Faithful paid with hard labour for Mavoko plots, pastor recalls

He came across an advert in the press by Aimi Ma Lukenya Society, offering plots for people who sign up for registration. The membership fee was Sh60,000. After surveying the vast land located a few kilometres off Mombasa Road, the man of God signed up as a member.

He also mobilised his church members to contribute cash for a separate membership with a view to acquiring a plot to erect a new church branch. It went down well.

"Since the society did not have money, the management commissioned members to offer daily labour which included clearing of bushes, erecting beacons and ferrying water and other construction materials to the settlement.
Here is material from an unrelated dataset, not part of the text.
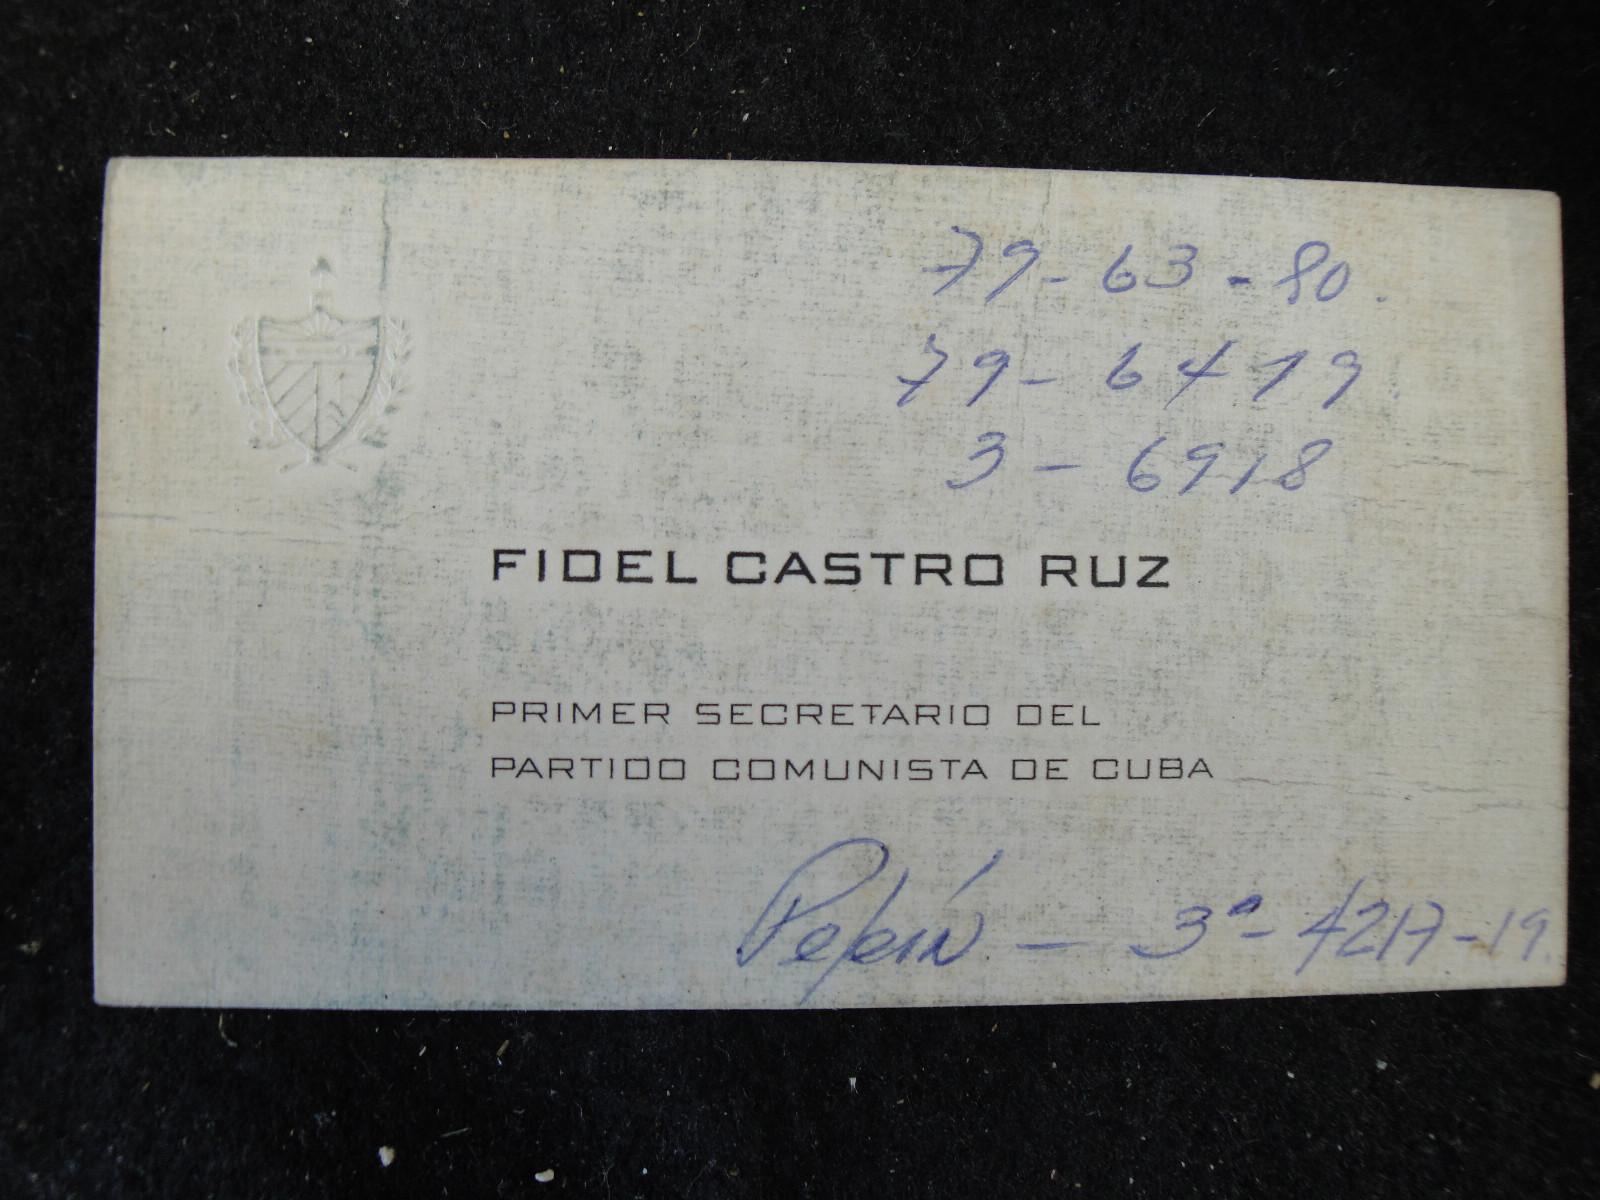 کارت ویزیت فیدل کاسترو
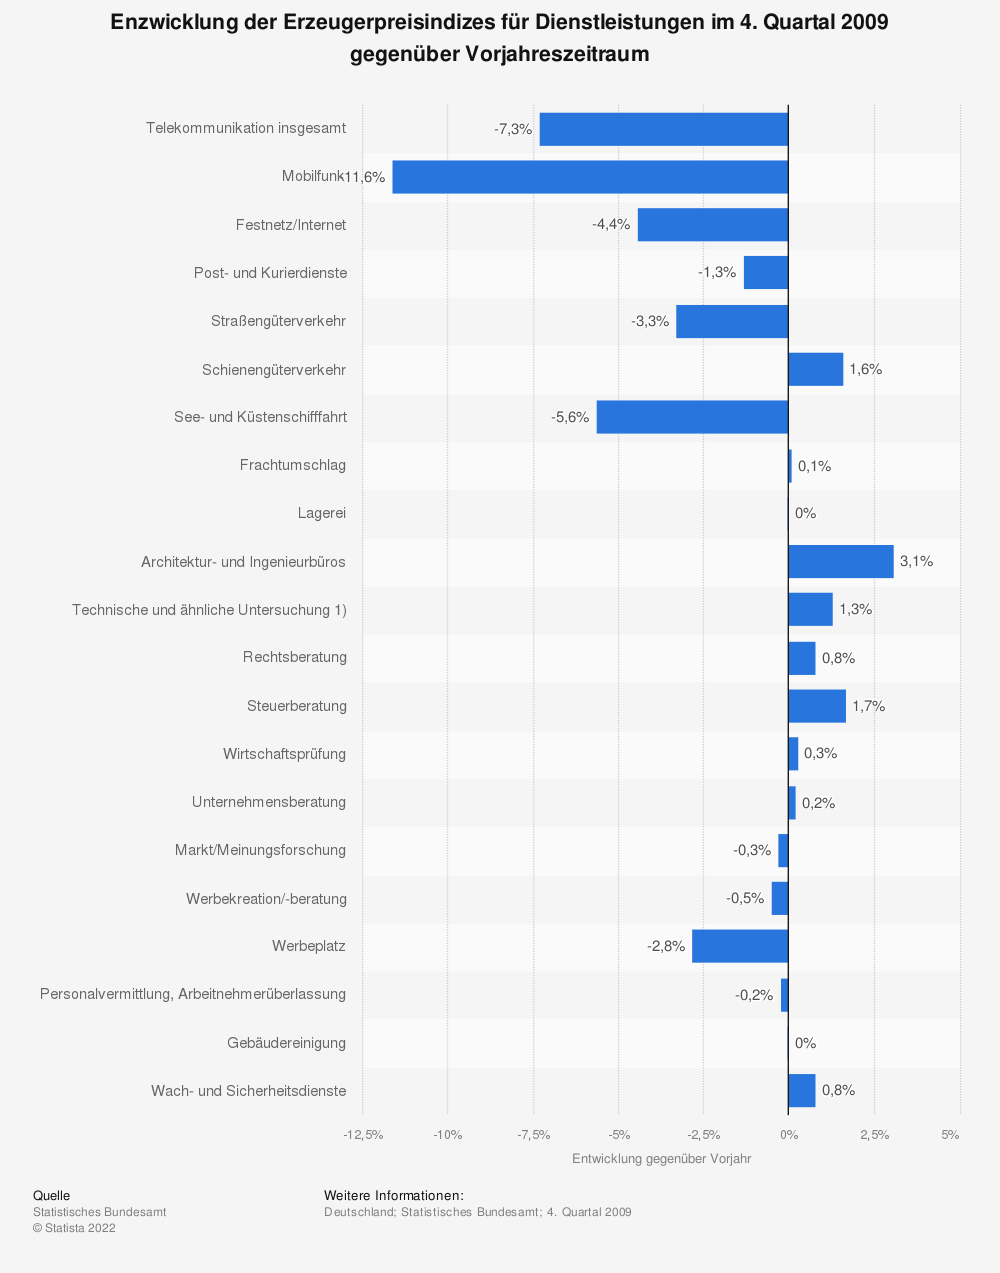 Statistik: Enzwicklung der Erzeugerpreisindizes für Dienstleistungen im 4. Quartal 2009 gegenüber Vorjahreszeitraum    Statista

After six months of hard labour, the society would issue a certificate of ownership of a plot," recalls Musau.

The deal, although tedious and weary, apparently attracted several of his church members, desperate for land. "The chain of ownership is now complicated because there are members who would transfer their plots to new buyers who would part with between Sh300,000 to Sh500,000 for the same plot," he said.

However, events of last week where bulldozers descended on homes and other amenities including places of worship left Musau, dozens of his church members and thousands of other Kenyans heartbroken.

"We cannot believe what is happening right now. The amount of pain we are going through cannot be described in words. The government has done the unthinkable to its own citizens. From where I stand, many people will live with the trauma of losing their hard-earned savings for the rest of their lives," he said.

Musau said prior to the acquisition of the land, members did a search at the Ministry of Lands in Ardhi House and were granted a clean bill of health.

"In 2015, then chairman of National Land Commission, Mohammed Swazuri visited the scheme and assured members that everything was fine," he recalls.

In a story published by The Standard in October 2015, then NLC chairman Muhammad Swazuri cautioned cartels collecting millions of shillings from unsuspecting Kenyans by purporting to sell them government land in Athi River.

"I have been visiting this area to help solve land disputes, but I'm shocked to meet the same people who call themselves squatters in every disputed land I visit. I wonder whether they are "professional business squatters," he said.

Swazuri was addressing a meeting attended by squatters who had allegedly encroached on the land.